In April, Wolfire Games, the developer of the 2017 action video game, Overgrowth, filed an anti-trust lawsuit against Valve Corporation, the proprietors of the renowned digital distribution service, Steam. According to Wolfire Games, Valve Corporation suppresses competition and charges “an extraordinarily high cut from nearly every sale that passes through its store.” However, after months, the case has now come to a conclusion and Wolfire Games isn’t the one that succeeded.
In July, Valve Corporation responded to Wolfire Games’ allegations, stating that they “fail to allege unlawful conduct, antitrust injury, market power, or facially sustainable antitrust markets for two separate products … Rather, they attack a popular integrated service consumers value in a competitive market.” Even Tim Sweeney, the CEO of Epic Games, took his chance to call Valve Corporation out for its allegedly high cut from developers.
If Steam committed to a permanent 88% revenue share for all developers and publishers without major strings attached, Epic would hastily organize a retreat from exclusives (while honoring our partner commitments) and consider putting our own games on Steam.
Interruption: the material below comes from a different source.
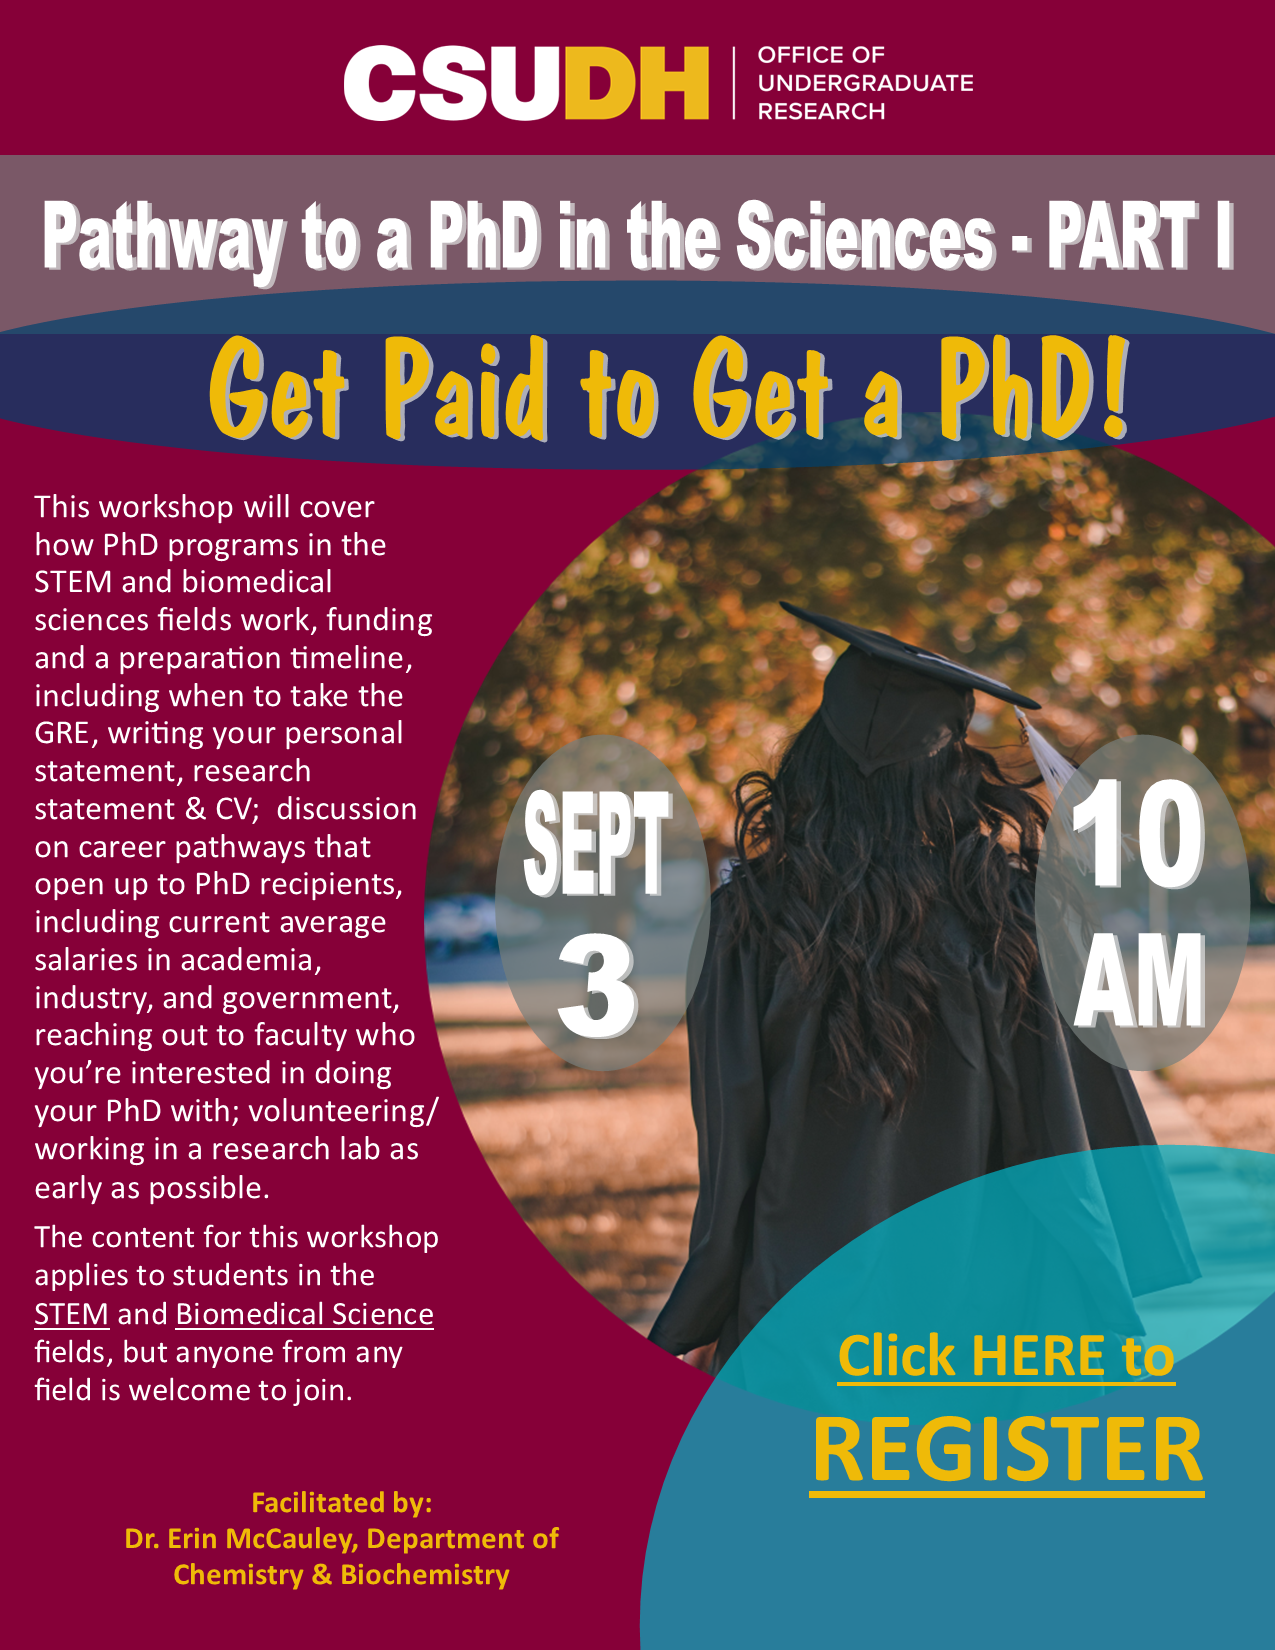 Pathway to PhD Part 1 9-3-21
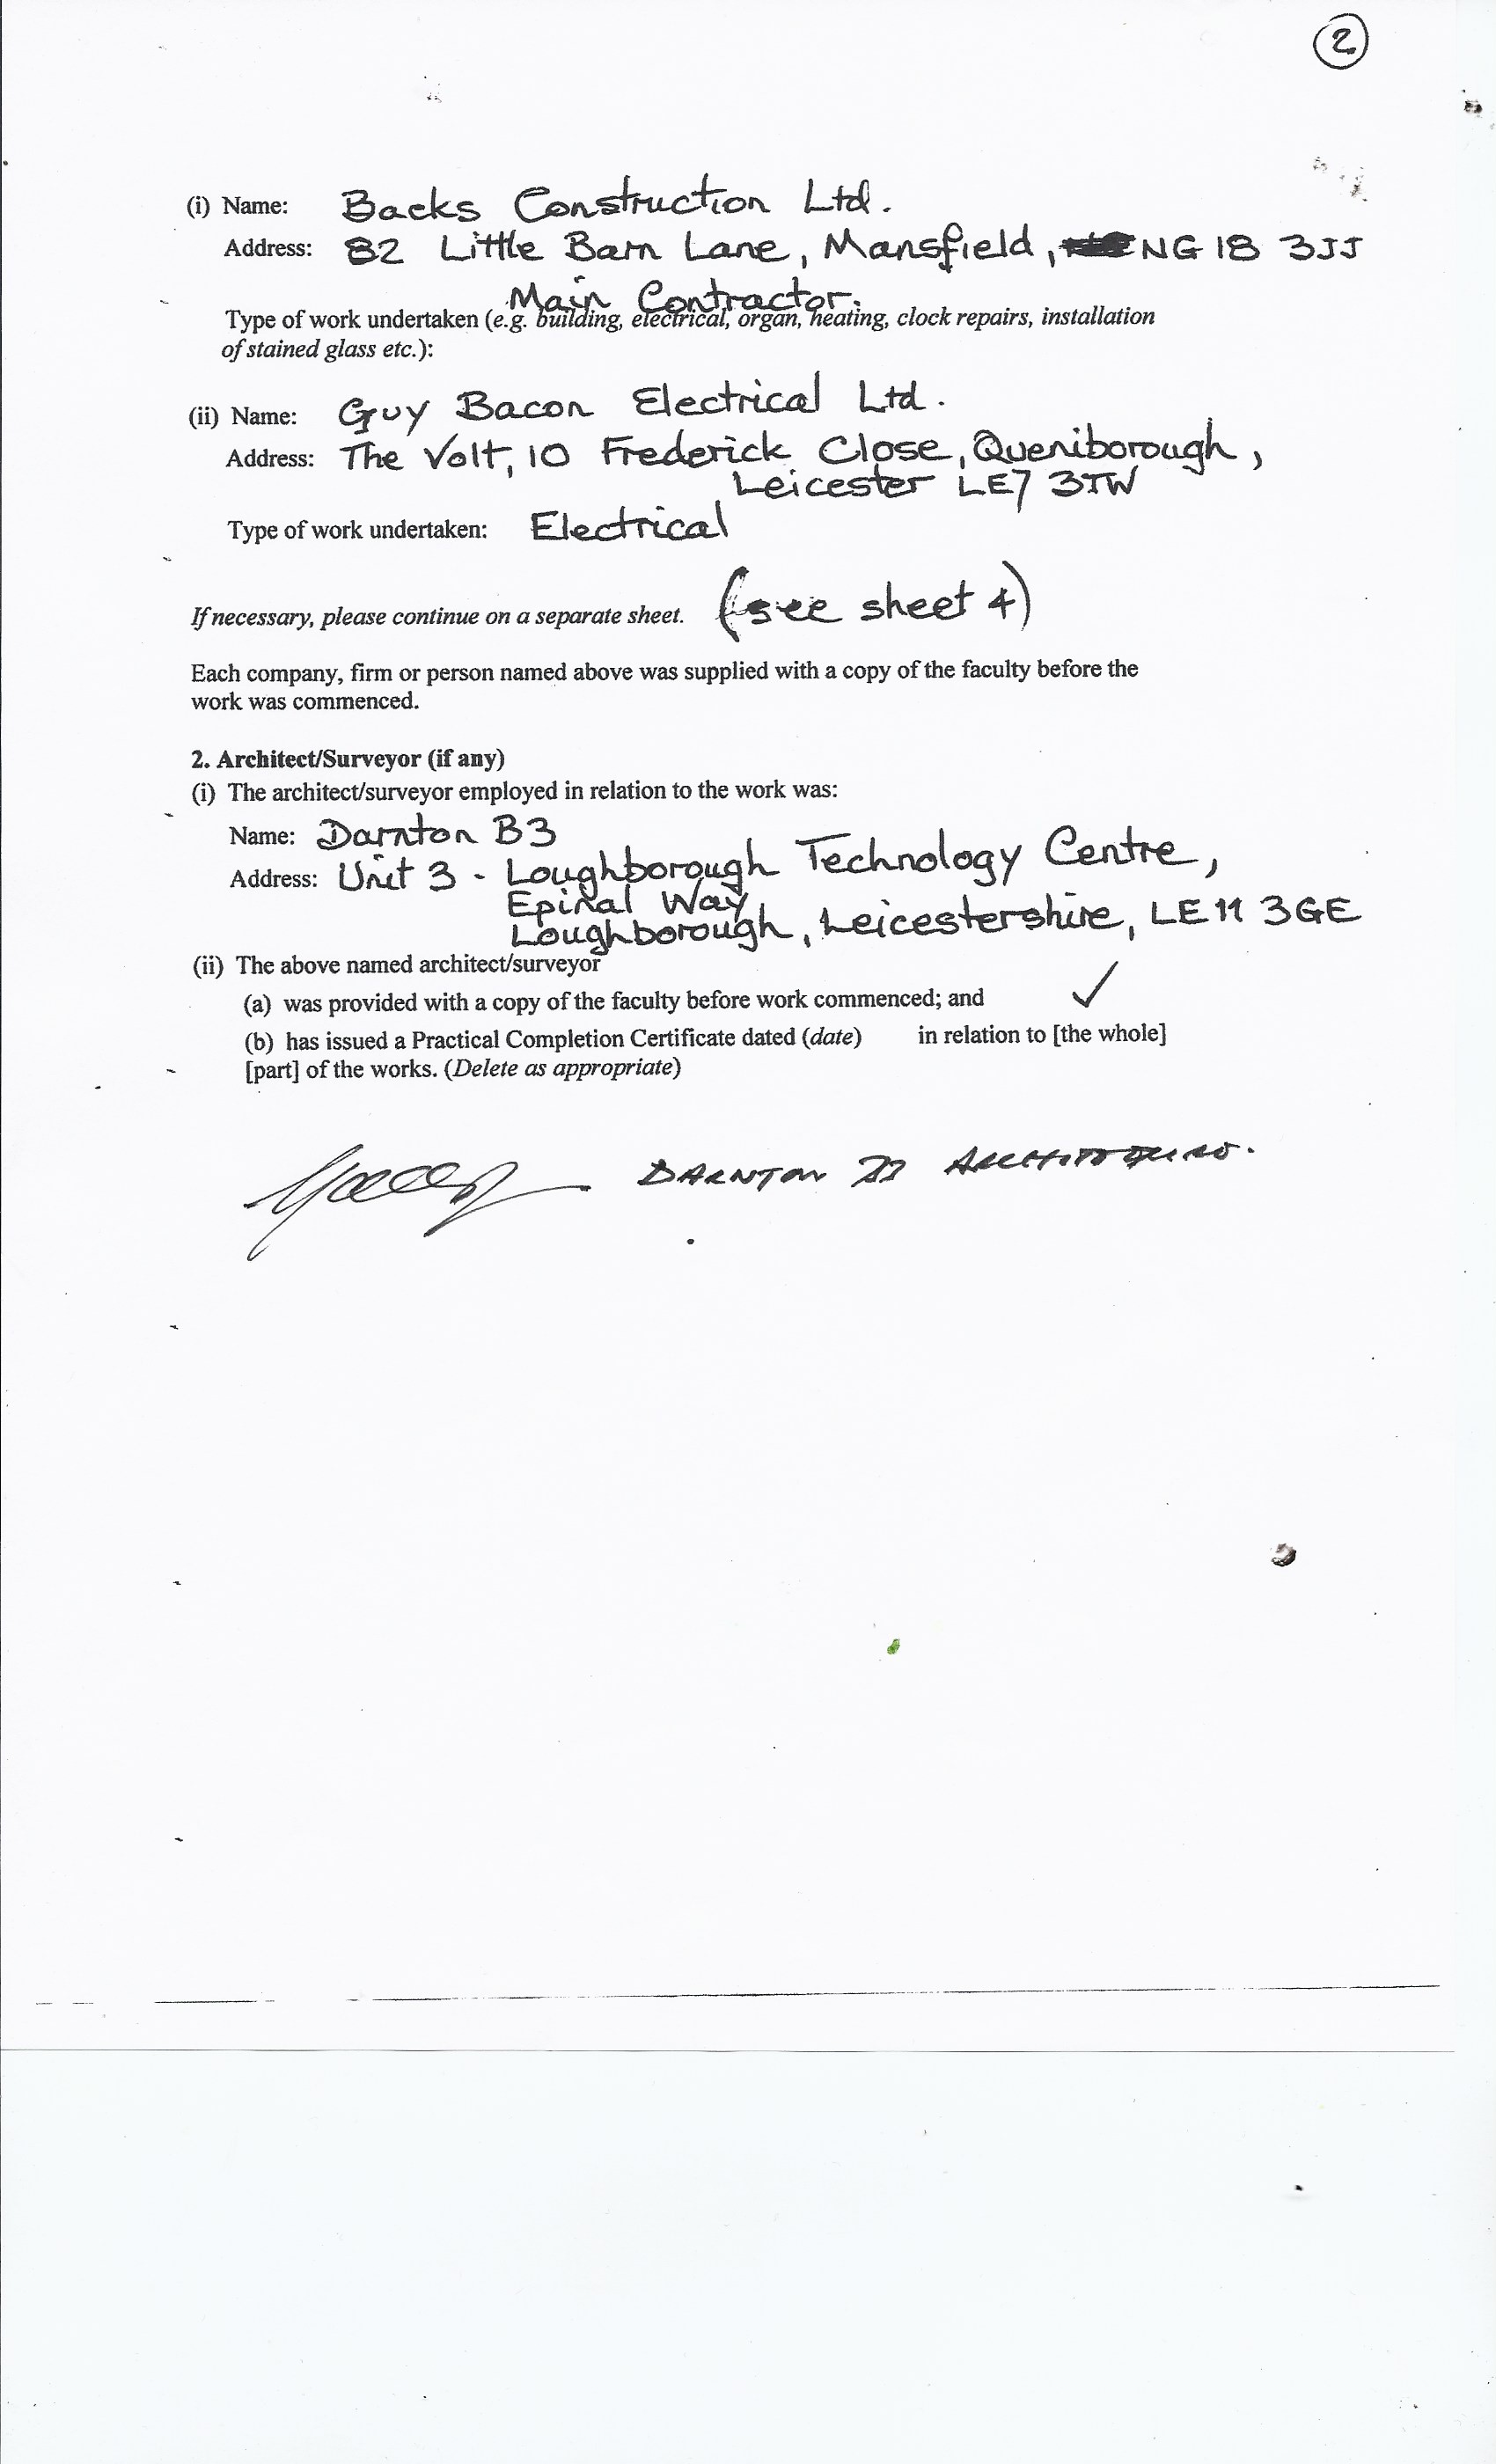 Copy of signed Form 8

— Tim Sweeney (@TimSweeneyEpic) April 25, 2019
However, the company continued to defend its 30% cut from developers and even stated that “30% has become the ‘industry standard.'” Fortunately for Valve Corporation, it seems like this cut won’t be changing anytime soon. In its response to the allegations, the company asked the court to dismiss the case based on the unjustified accusations, saying that Wolfire Games failed to meet “the most basic requirements of an antitrust case,” and this is exactly what has happened now.
According to the verdict regarding the case, Wolfire Games’ allegations fail because of two reasons. Firstly, the accusation that Valve Corporation is illegally using Steam as a monopoly to force players to purchase games through its storefront only has been denied because the court stated that Steam as a storefront and platform are, in fact, “a single product within the integrated game platform and transaction market.”
Secondly, the accusation that Valve Corporation uses Steam as a monopoly to charge an exceptionally high cut of 30% from developers, which makes it unsustainable in a competitive market, was also denied because the court stated that, while other storefronts with lesser cuts have come and gone, Steam’s policies regarding the percentage of revenue that it charges its developers have remained the same all through the storefront’s history.
Furthermore, the verdict also states that a 30% cut is not unfair, as other storefronts with significantly more resources that have charged much less eventually failed, and that the high cut hasn’t reduced the number of games released on the storefront. In addition to this, the verdict also states that Wolfire Games failed to describe how it directly suffered from the alleged reduction in the output of its games as a result of the policies.
Lastly, the court concluded the verdict by saying that “Wolfire may file a second amended complaint, addressing the infirmities described above, as well as any other changes it elects to make, within thirty (30) days of this order,” which suggests that the case isn’t over and Wolfire Games can still bring more evidence for another lawsuit.